Application of nanoparticles on diagnosis and therapy in gliomas

Abstract

Glioblastoma multiforme (GBM) is one of the most deadly diseases that affect humans, and it is characterized by high resistance to chemotherapy and radiotherapy. Its median survival is only fourteen months, and this dramatic prognosis has stilled without changes during the last two decades; consequently GBM remains as an unsolved clinical problem.

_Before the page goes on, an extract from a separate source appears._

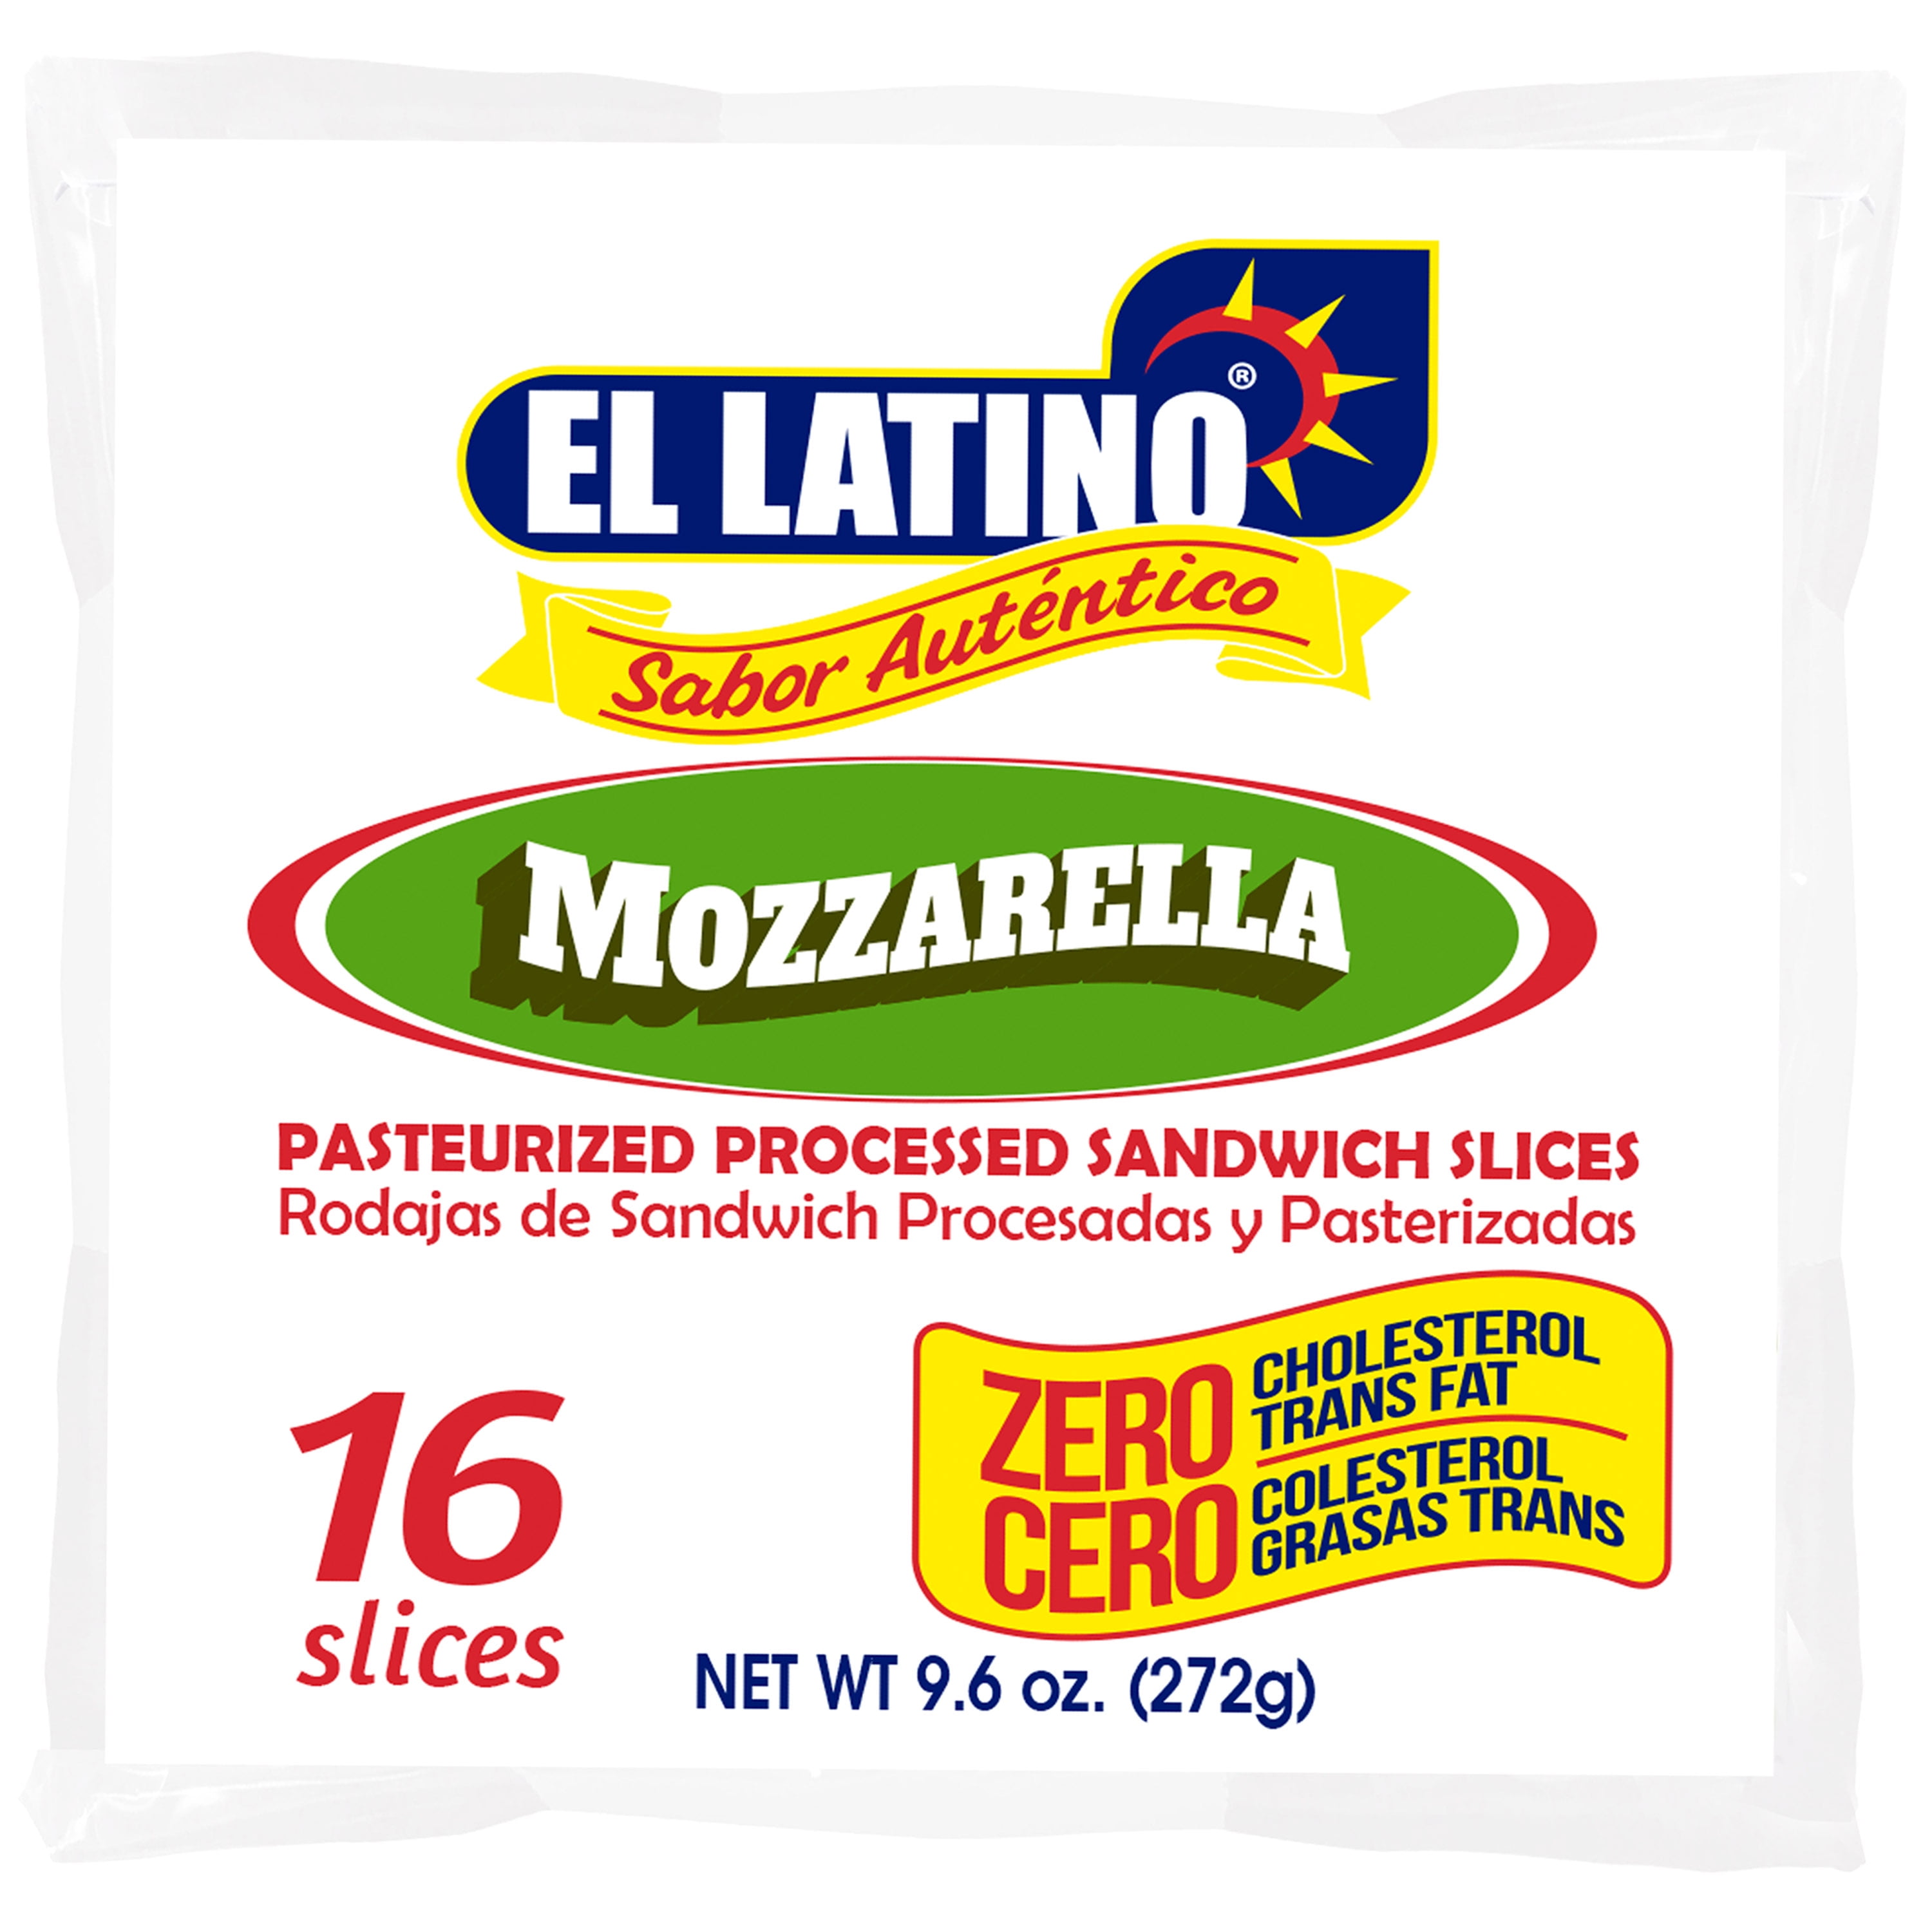 https://i5.walmartimages.com/seo/El-Latino-Mozzarella-Sandwich-Slices-9-6oz-Plastic-Bag-Container_76392148-a253-4a8a-a3b6-114eca97d3ab.017dd622e6ae8d124caab587cfbcfb13.jpeg

Therefore, alternative diagnostic and therapeutic approaches are needed for gliomas. Nanoparticles represent an innovative tool in research and therapies in GBM due to their capacity of self-assembly, small size, increased stability, biocompatibility, tumor-specific targeting using antibodies or ligands, encapsulation and delivery of antineoplastic drugs, and increasing the contact surface between cells and nanomaterials. The active targeting of nanoparticles through conjugation with cell surface markers could enhance the efficacy of nanoparticles for delivering several agents into the tumoral area while significantly reducing toxicity in living systems. Nanoparticles can exploit some biological pathways to achieve specific delivery to cellular and intracellular targets, including transport across the blood-brain barrier, which many anticancer drugs cannot bypass. This review addresses the advancements of nanoparticles in drug delivery, imaging, diagnosis, and therapy in gliomas. The mechanisms of action, potential effects, and therapeutic results of these systems and their future applications in GBM are discussed.

Figure 1

Brain tumour. Coloured 3D diffusion tensor imaging (DTI) and magnetic resonance imaging (MRI) scans of the brain of a 29-year-old with a low-grade glioma in the left frontal lobe. A DTI scan shows the bundles of white matter nerve fibers and is being used here for presurgical planning. The fibers transmit nerve signals between brain regions and between the brain and the spinal cord. A glioma arises from glial cells; nervous system supports cells. DTI scans show the diffusion of water along white matter fibers, allowing their orientations and the connections between brain regions to be mapped.

Figure 2

Proposed mechanism by Shubayev et al. [40] for MNP-induced macrophage recruitment into neuronal tissues. (1) Exposure to cytotoxic MNPs stimulated the formation of ROS in resident cells. (2) ROS promotes expression and release of proinflammatory cytokines, such as TNF-α. Through its two receptors (TNFR), TNF-α activates p38 and ERK mitogen-activated protein kinases pathways to (3) induce the expression of matrix metalloproteinases (MMPs) in its inactive, pro-MMP form. In addition, (4) ROS can directly promote MMP activation from proform. MMPs are the only enzymes in the body capable of degrading blood-brain and blood-nerve barriers (BBB/BNB), which (5) promotes infiltration of circulating macrophages (mΦ) into neuronal tissues. MNP size and surface chemistry determine the mechanisms and the target cells of MNP internalization, as well as extent of neurotoxicity of MNPs (the figure is taken and modified from [40]).